> **Task to complete**:
Repeat the span of the entries below that starts at the line with "Поселок Караваево ярко отметил 525-й" and ends at the line with "BMWs neuer Entwicklungschef", nothing more. Skip the pictures.

> **Provided data**:
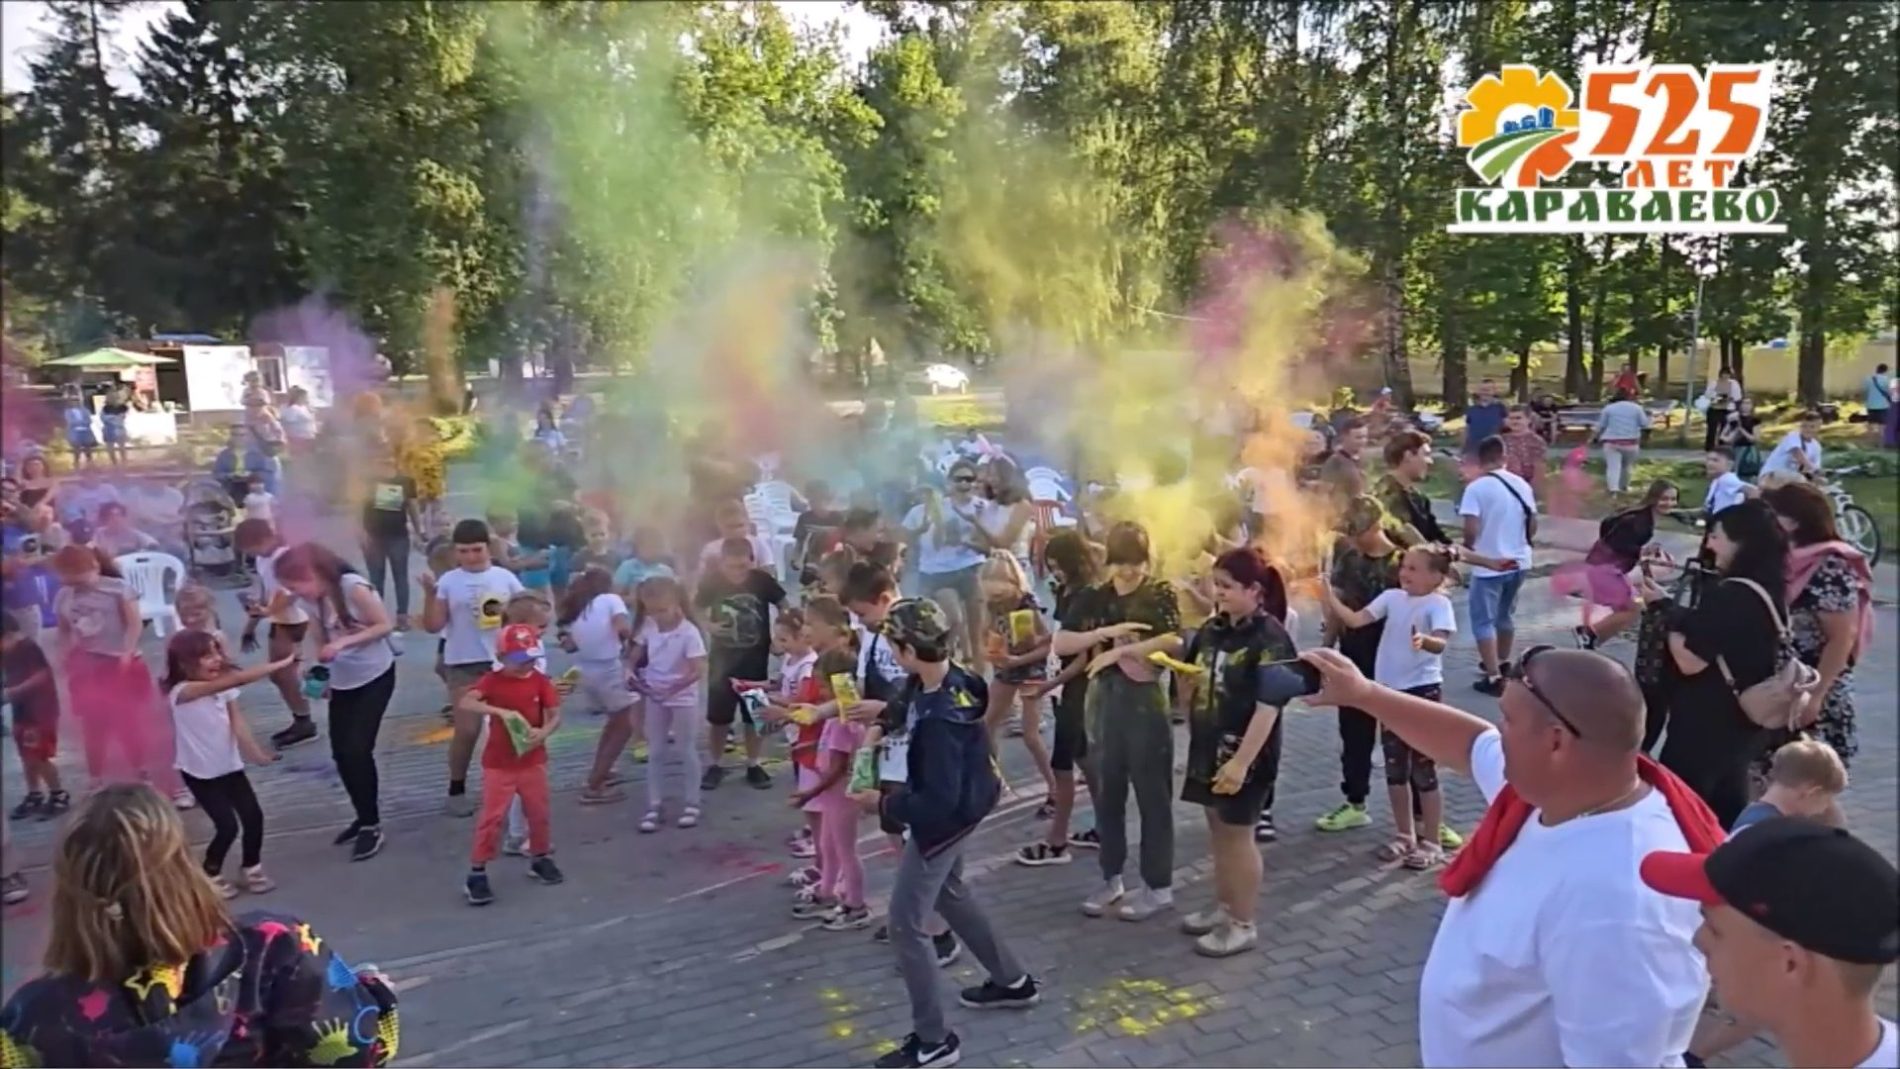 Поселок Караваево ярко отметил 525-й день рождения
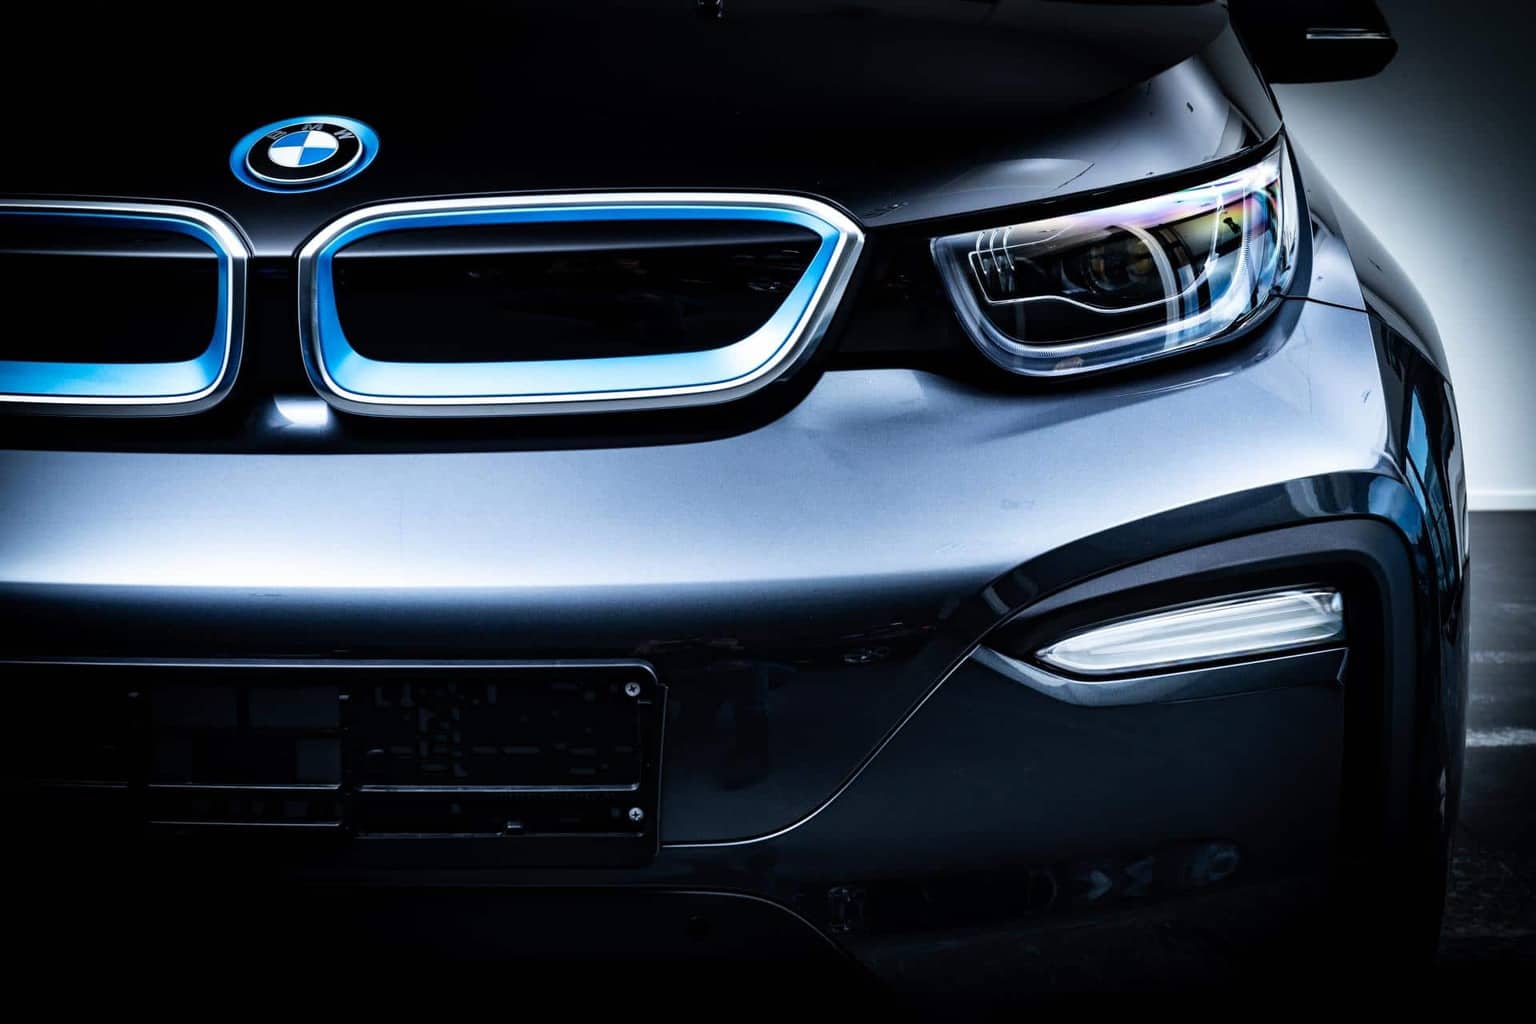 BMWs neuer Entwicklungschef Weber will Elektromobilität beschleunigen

* * *

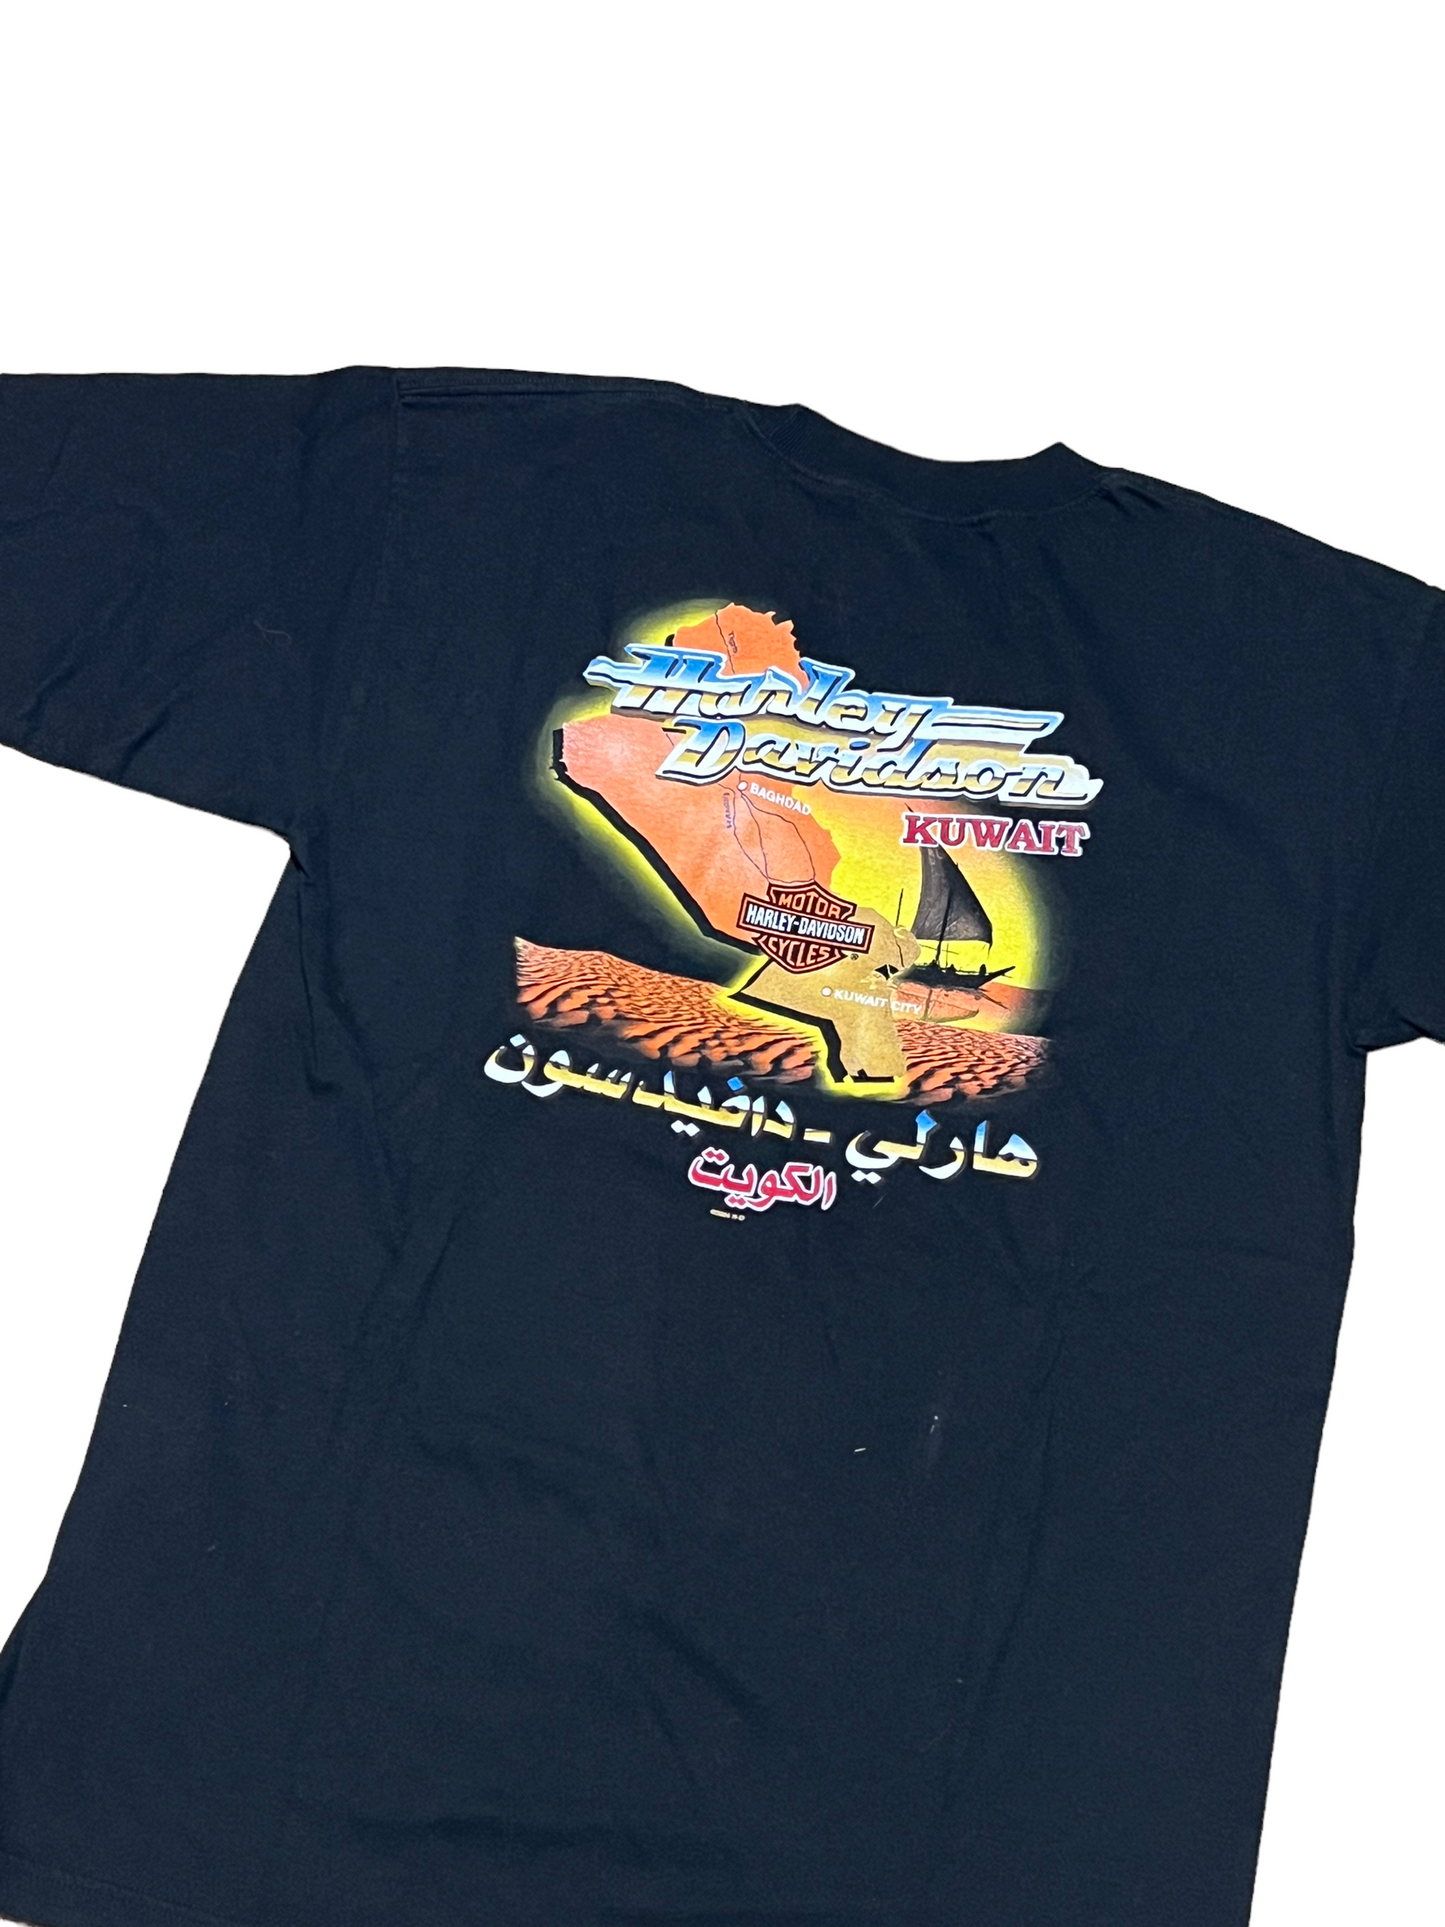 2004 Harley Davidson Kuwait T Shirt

> **Problem solution**:
 Поселок Караваево ярко отметил 525-й день рождения
 BMWs neuer Entwicklungschef Weber will Elektromobilität beschleunigen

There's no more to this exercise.